DEV Community

Paul J. Lucas
Paul J. Lucas

Posted on

A Simple Dynamic Array for C

#c

Introduction

When many programmers get inspired to implement a dynamic array (meaning an array that grows automatically as new elements are appended) in C, they often try to incorporate the element’s type into the array. Since C lacks a template facility like C++, that often means (ab)using macros like:

#define TYPED_ARRAY(TYPE)                            \
  typedef struct TYPE##_array TYPE##_array;          \
  struct TYPE##_array {                              \
    TYPE  *elements;                                 \
    size_t len;                                      \
    size_t cap;                                      \
  };                                                 \
  static void TYPE##_array_init( TYPE##_array *a ) { \
    *a = (TYPE##_array){ 0 };                        \
  }                                                  \
  /* ... and several more functions ... */
Enter fullscreen mode Exit fullscreen mode

The problems with (ab)using macros like this for typed arrays in C are:

  1. They’re difficult to write and maintain.
  2. The entire implementation must be in the header (leading to increased compilation times and code bloat).
  3. Error messages involving macros are often very difficult to read.

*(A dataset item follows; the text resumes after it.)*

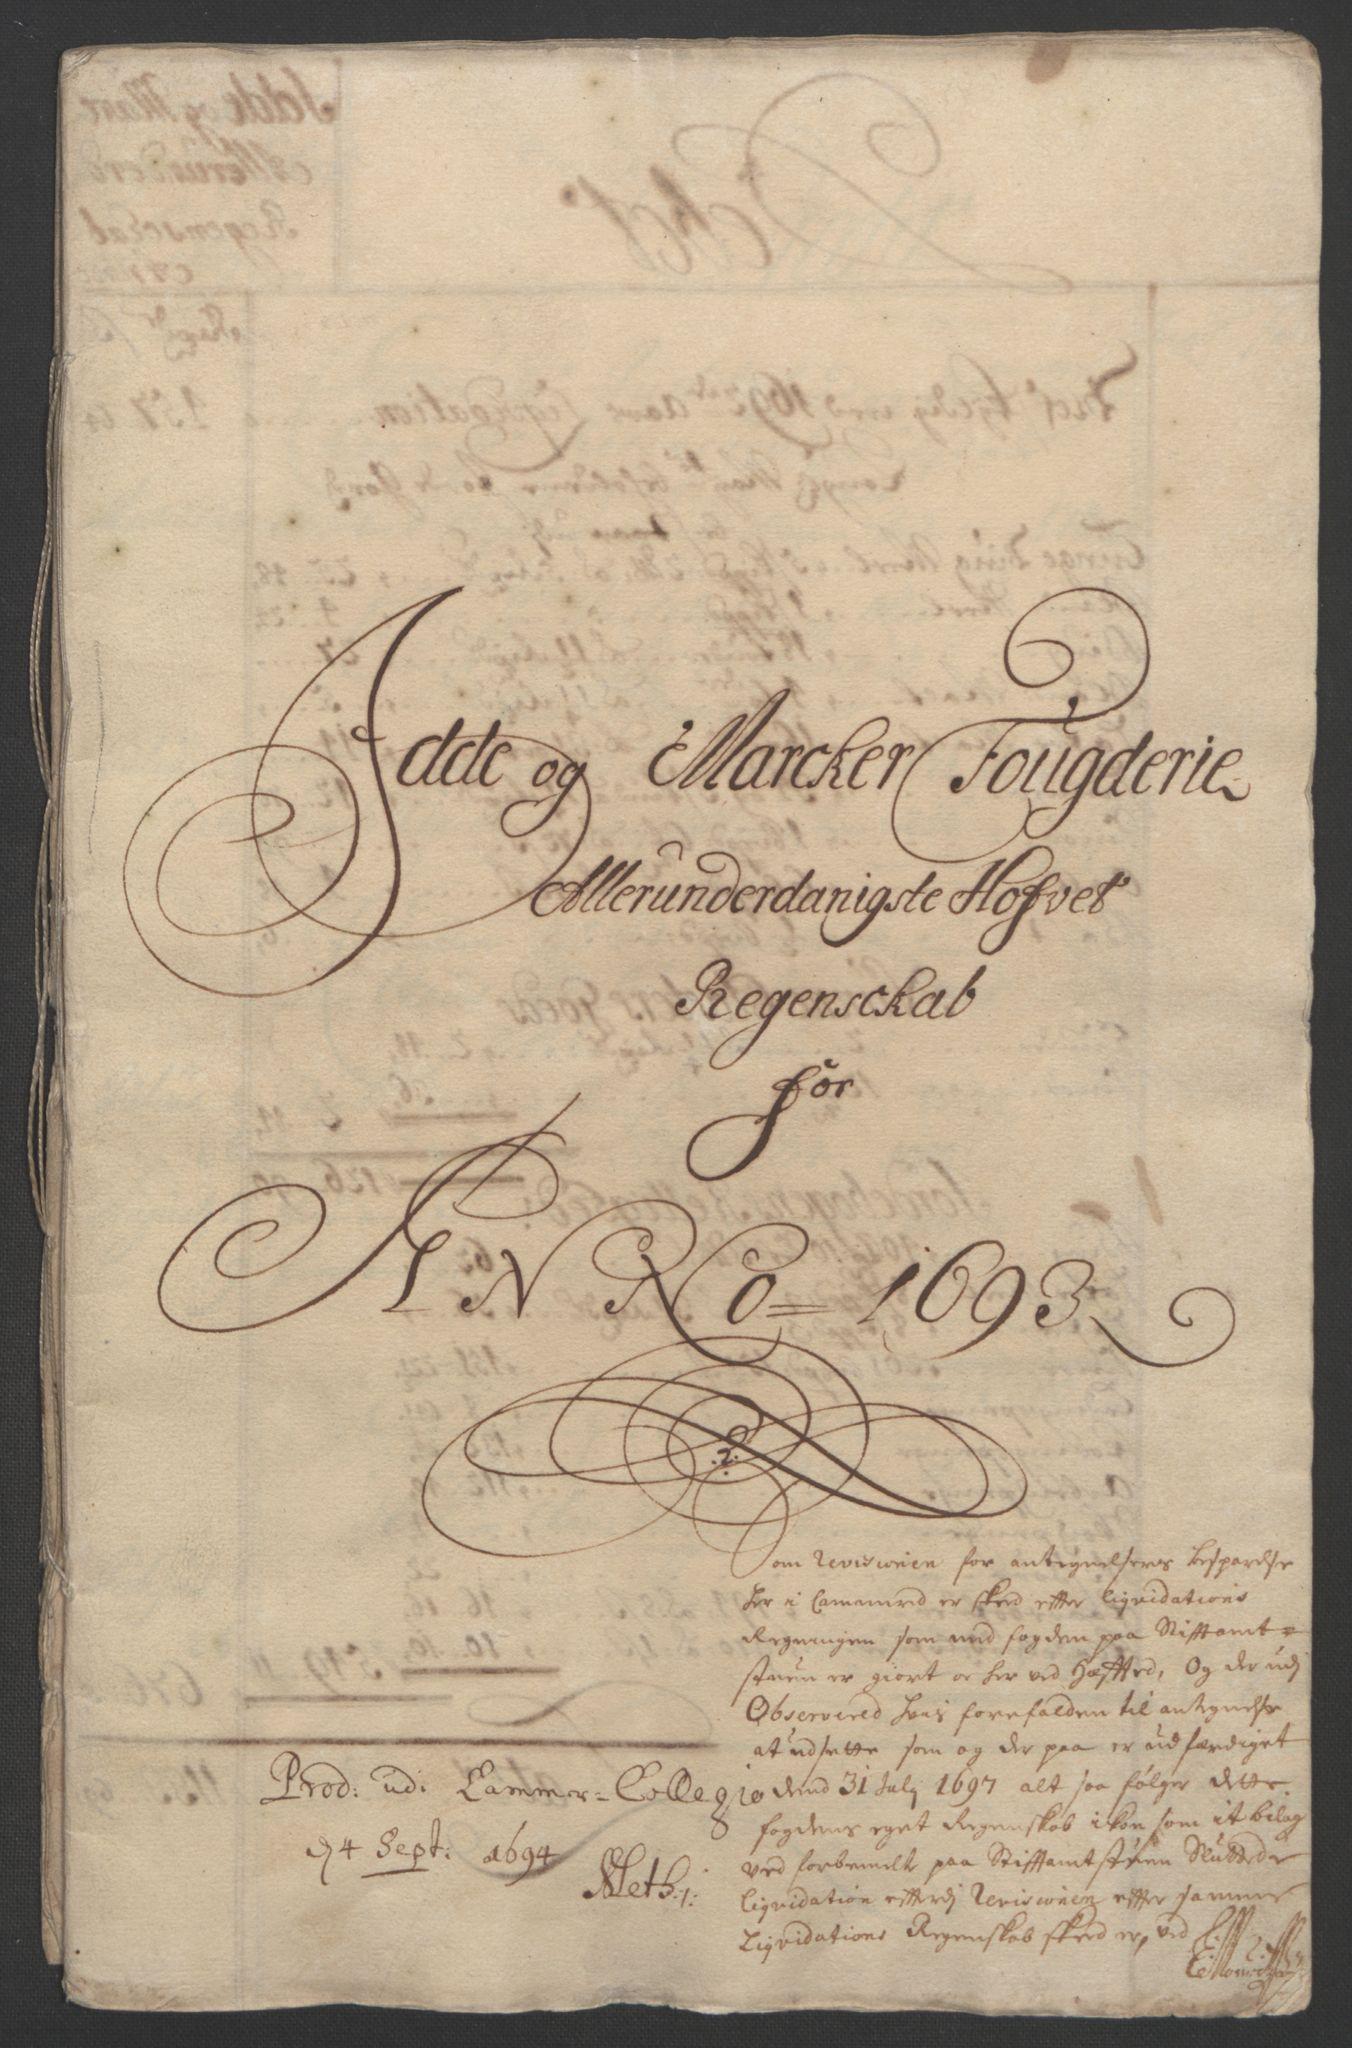 RA, Rentekammeret inntil 1814, Reviderte regnskaper, Fogderegnskap, R01/L0011: Fogderegnskap Idd og Marker, 1692-1693, s. 193

Instead of trying to shoehorn typed arrays via macros like this into C, let’s try to implement the simplest possible dynamic array in C.

A Simple Dynamic Array

Here’s a fairly simple structure for a dynamic array:

typedef struct array array_t;
struct array {
  void   *elements;  // Pointer to array of elements.
  size_t  esize;     // Size of an element.
  size_t  len;       // Length of array.
  size_t  cap;       // Capacity of array.
};
Enter fullscreen mode Exit fullscreen mode

Instead of somehow trying to incorporate element type information, we’re just going to do the simplest thing and use an element’s size in bytes and treat elements as opaque chunks of memory. We’ll leave how to interpret those bytes as a type to the user. The rest of the members should be self explanatory.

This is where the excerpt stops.